PROBLEM STATEMENT: With the pictures left out, retype exactly the lines below starting at the line that contains "Tangle Teezer: Ultimate" and ending at the line that contains "ERNST HAECKEL ARTE".

DATA RECORDS:
"""

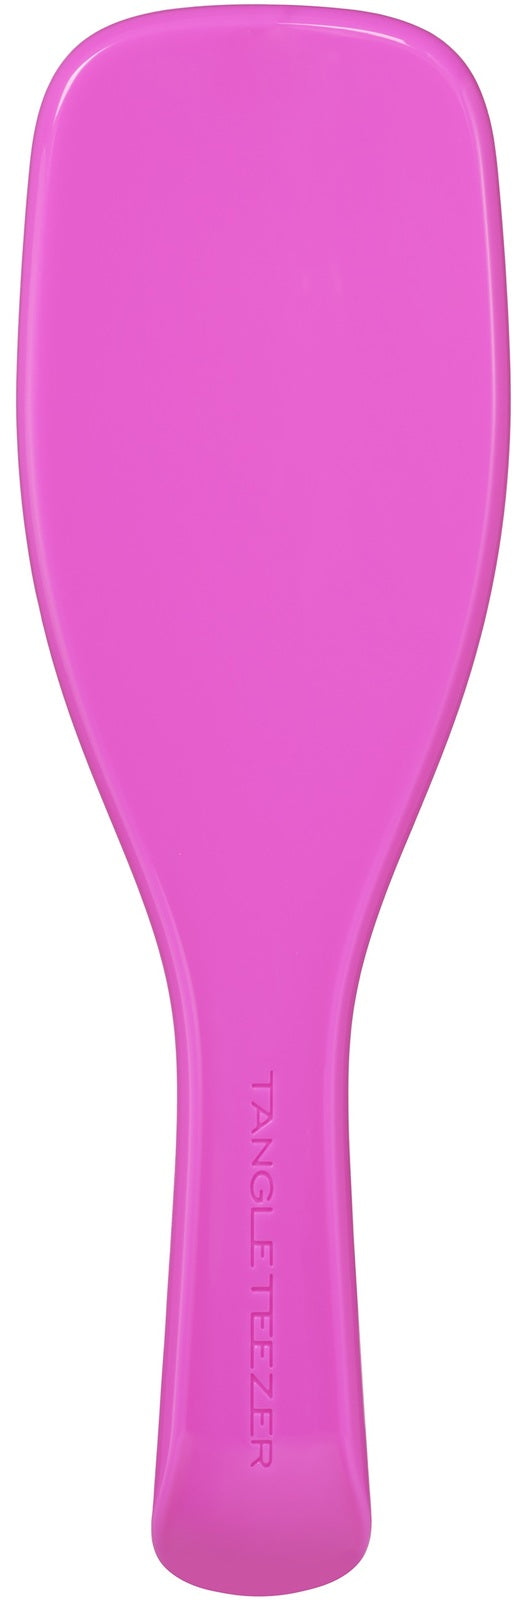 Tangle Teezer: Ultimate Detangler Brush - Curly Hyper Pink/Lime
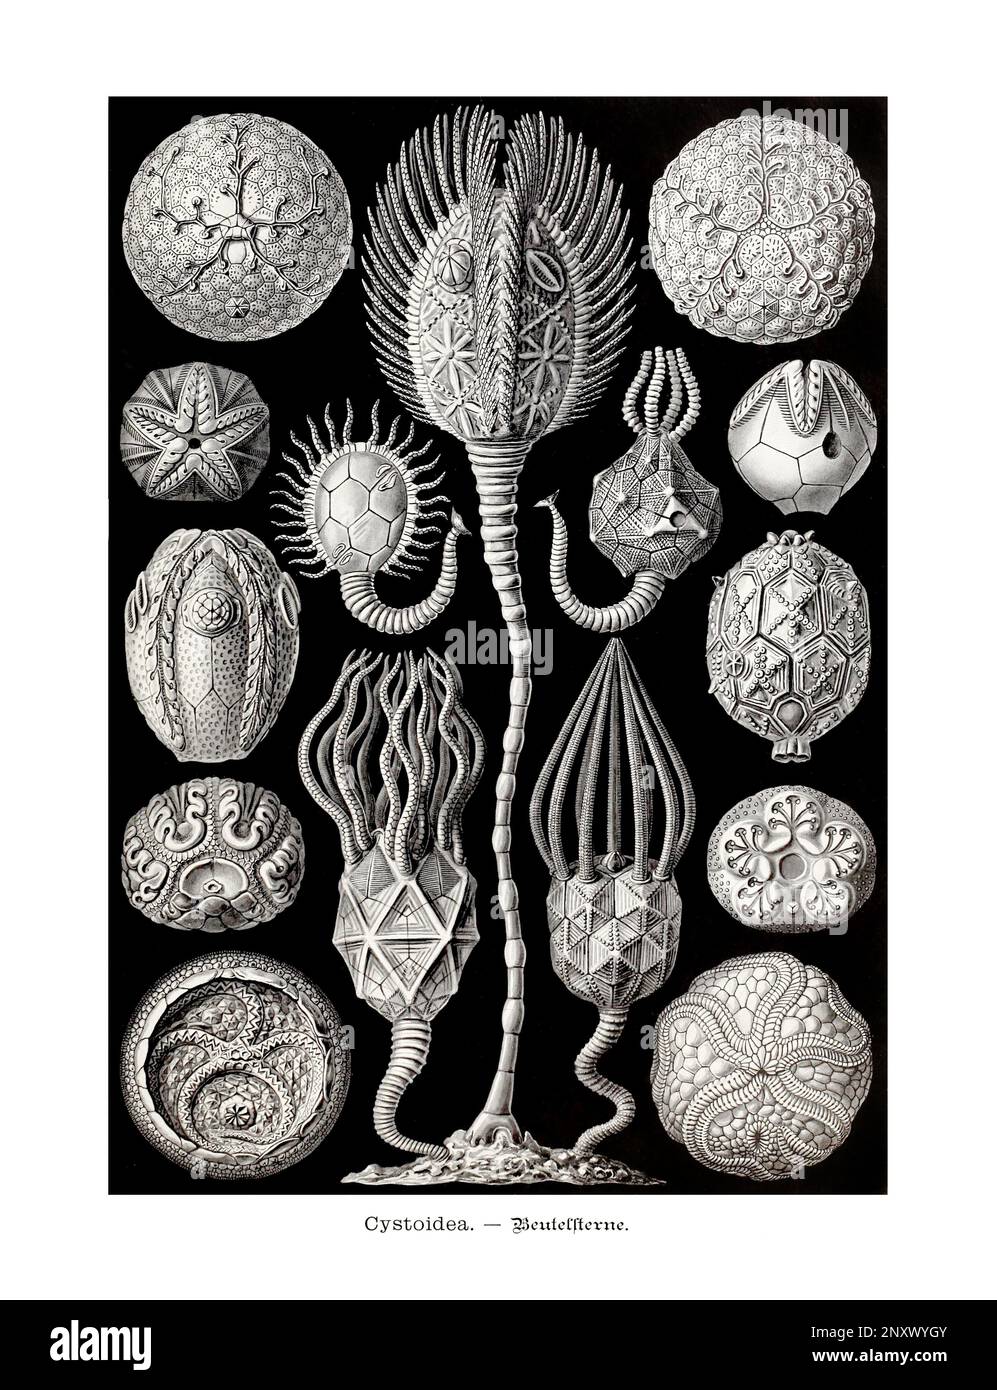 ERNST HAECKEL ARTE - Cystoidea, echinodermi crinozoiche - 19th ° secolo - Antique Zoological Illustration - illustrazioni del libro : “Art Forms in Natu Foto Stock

"""
"""

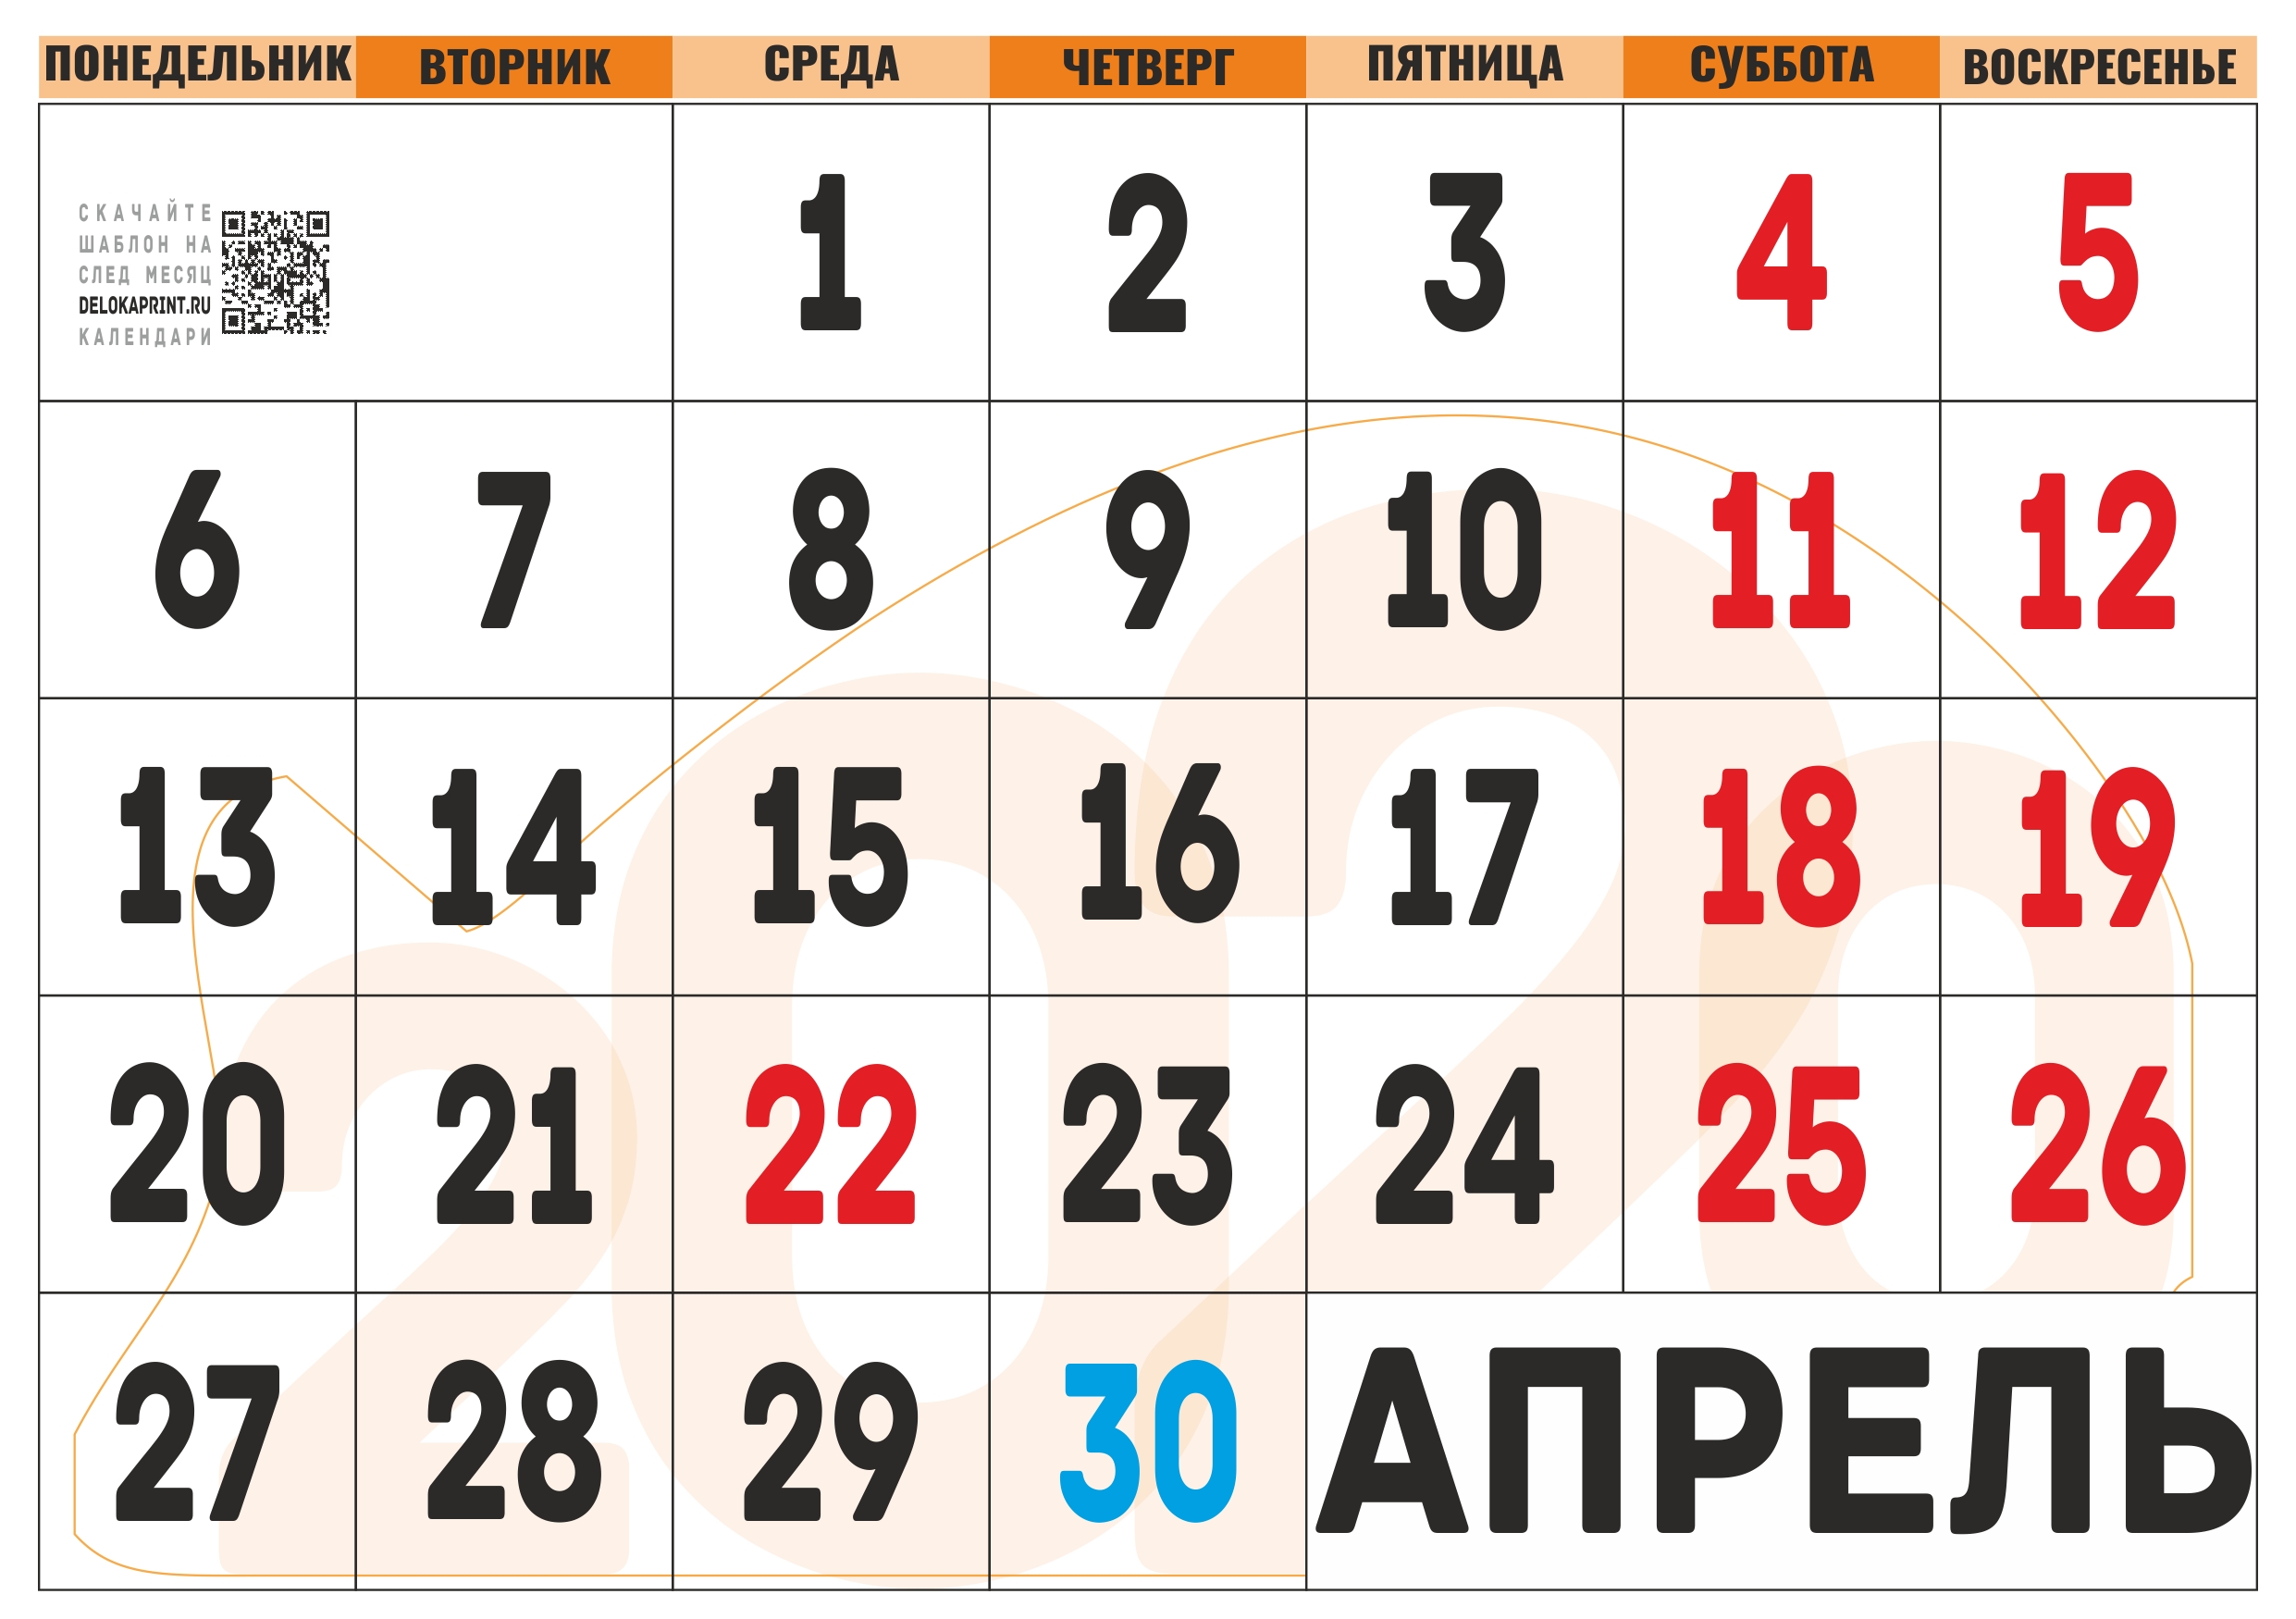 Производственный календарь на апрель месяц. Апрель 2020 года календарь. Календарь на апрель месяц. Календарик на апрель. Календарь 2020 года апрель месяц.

"""

RESPONSE:
 Tangle Teezer: Ultimate Detangler Brush - Curly Hyper Pink/Lime
 ERNST HAECKEL ARTE - Cystoidea, echinodermi crinozoiche - 19th ° secolo - Antique Zoological Illustration - illustrazioni del libro : “Art Forms in Natu Foto Stock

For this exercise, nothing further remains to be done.